• _Your instructions_: Write out every line below again exactly as it stands, skipping each image.

• _Source data_:
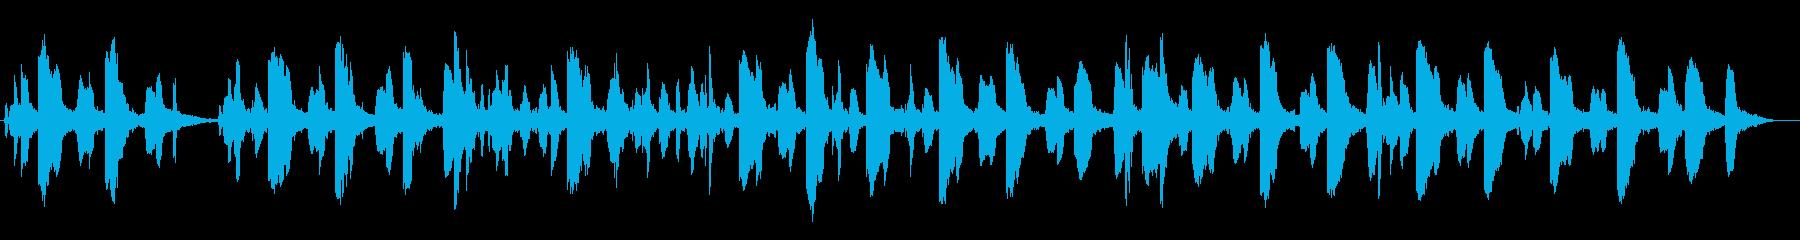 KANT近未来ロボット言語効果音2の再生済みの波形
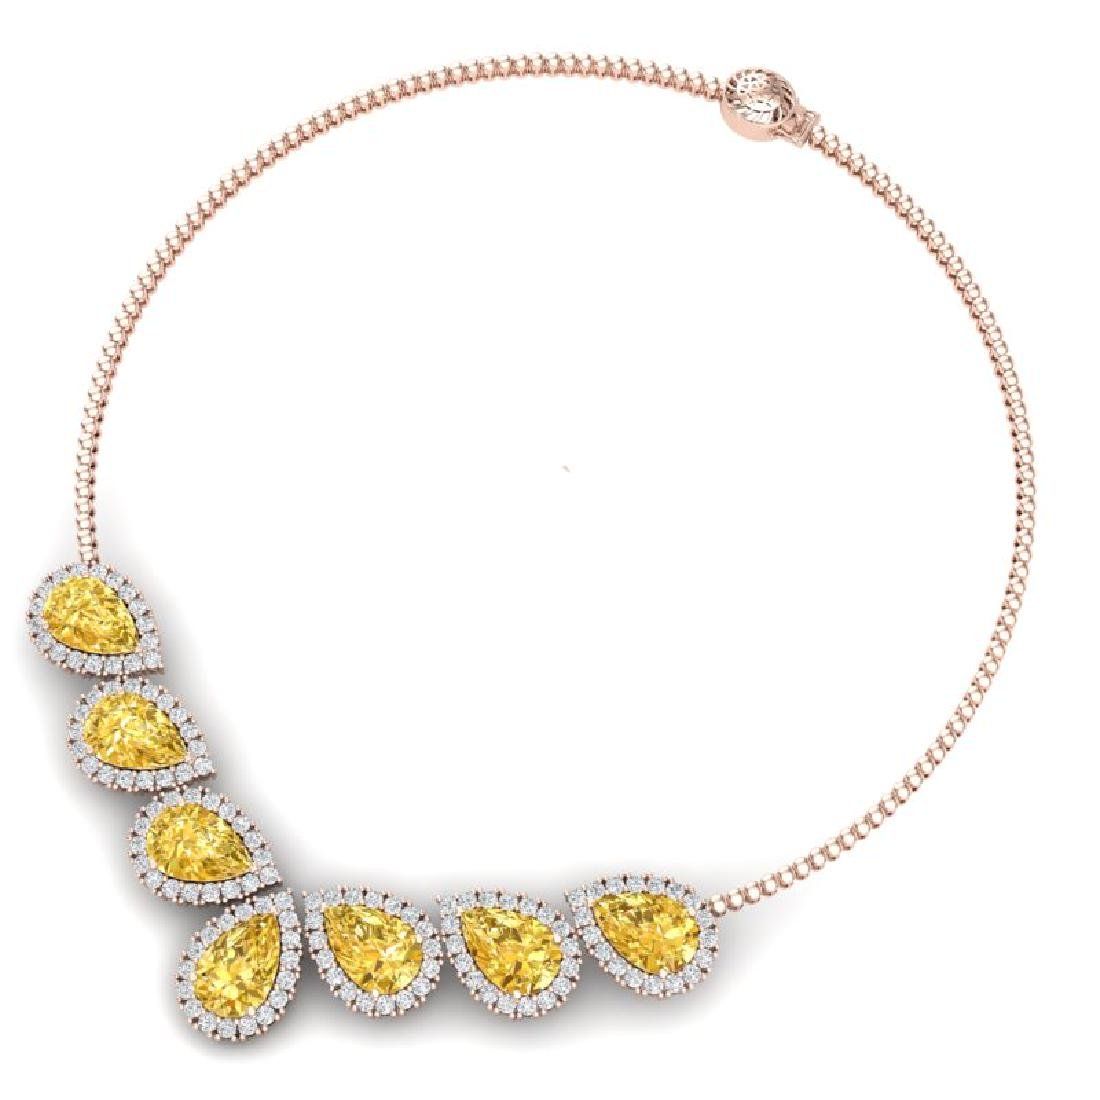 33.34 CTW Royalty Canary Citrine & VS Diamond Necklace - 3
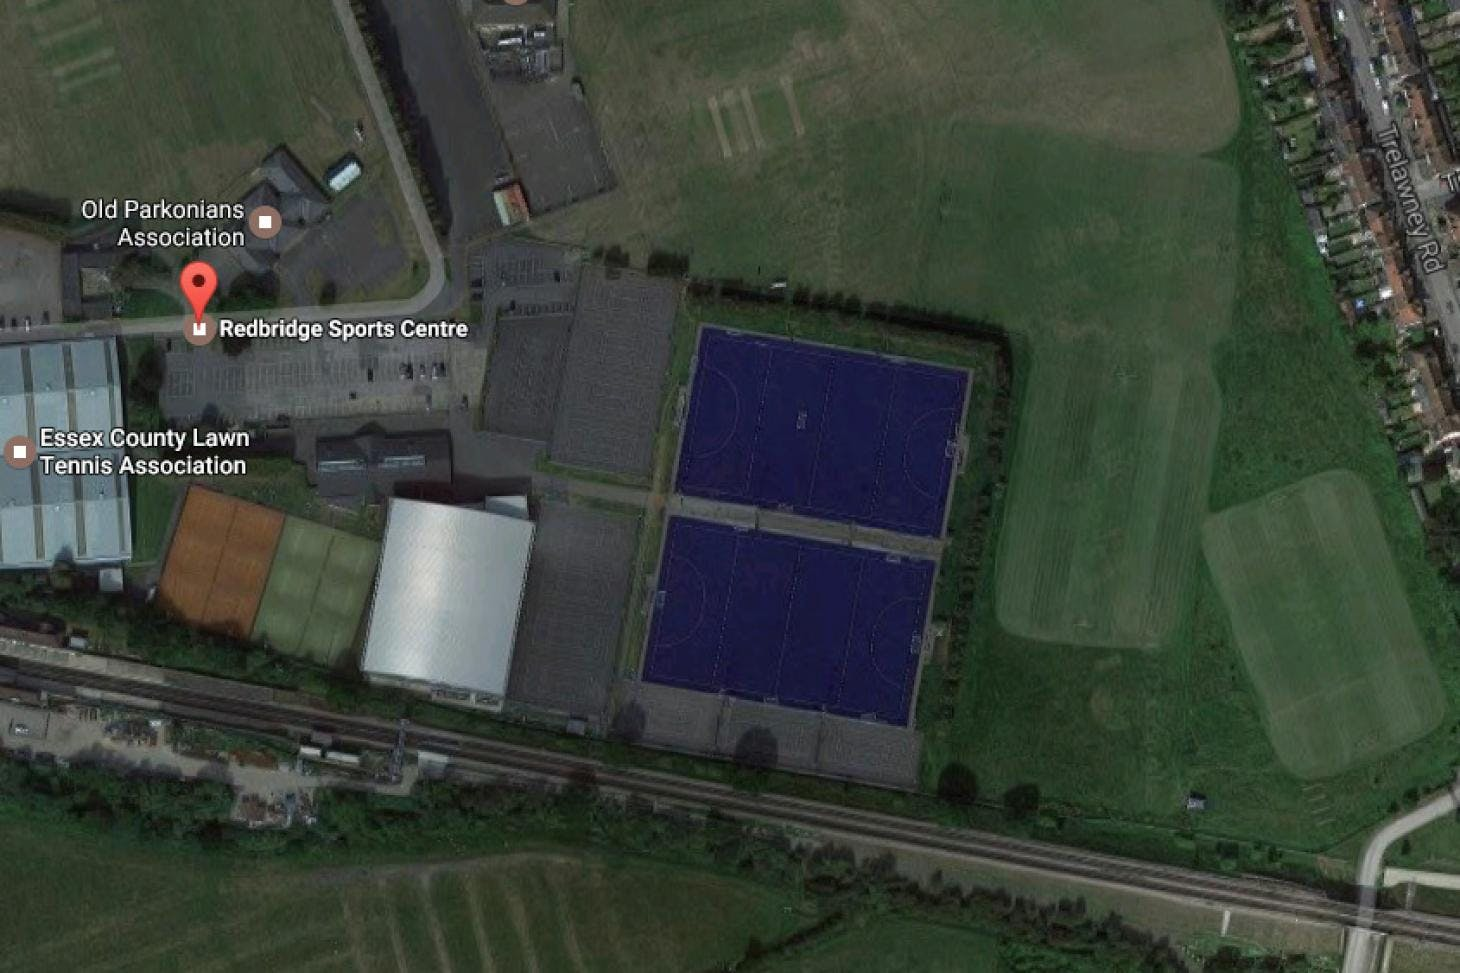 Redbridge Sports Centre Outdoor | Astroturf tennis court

• _Written reply_:
 KANT近未来ロボット言語効果音2の再生済みの波形
 33.34 CTW Royalty Canary Citrine & VS Diamond Necklace - 3
 Redbridge Sports Centre Outdoor | Astroturf tennis court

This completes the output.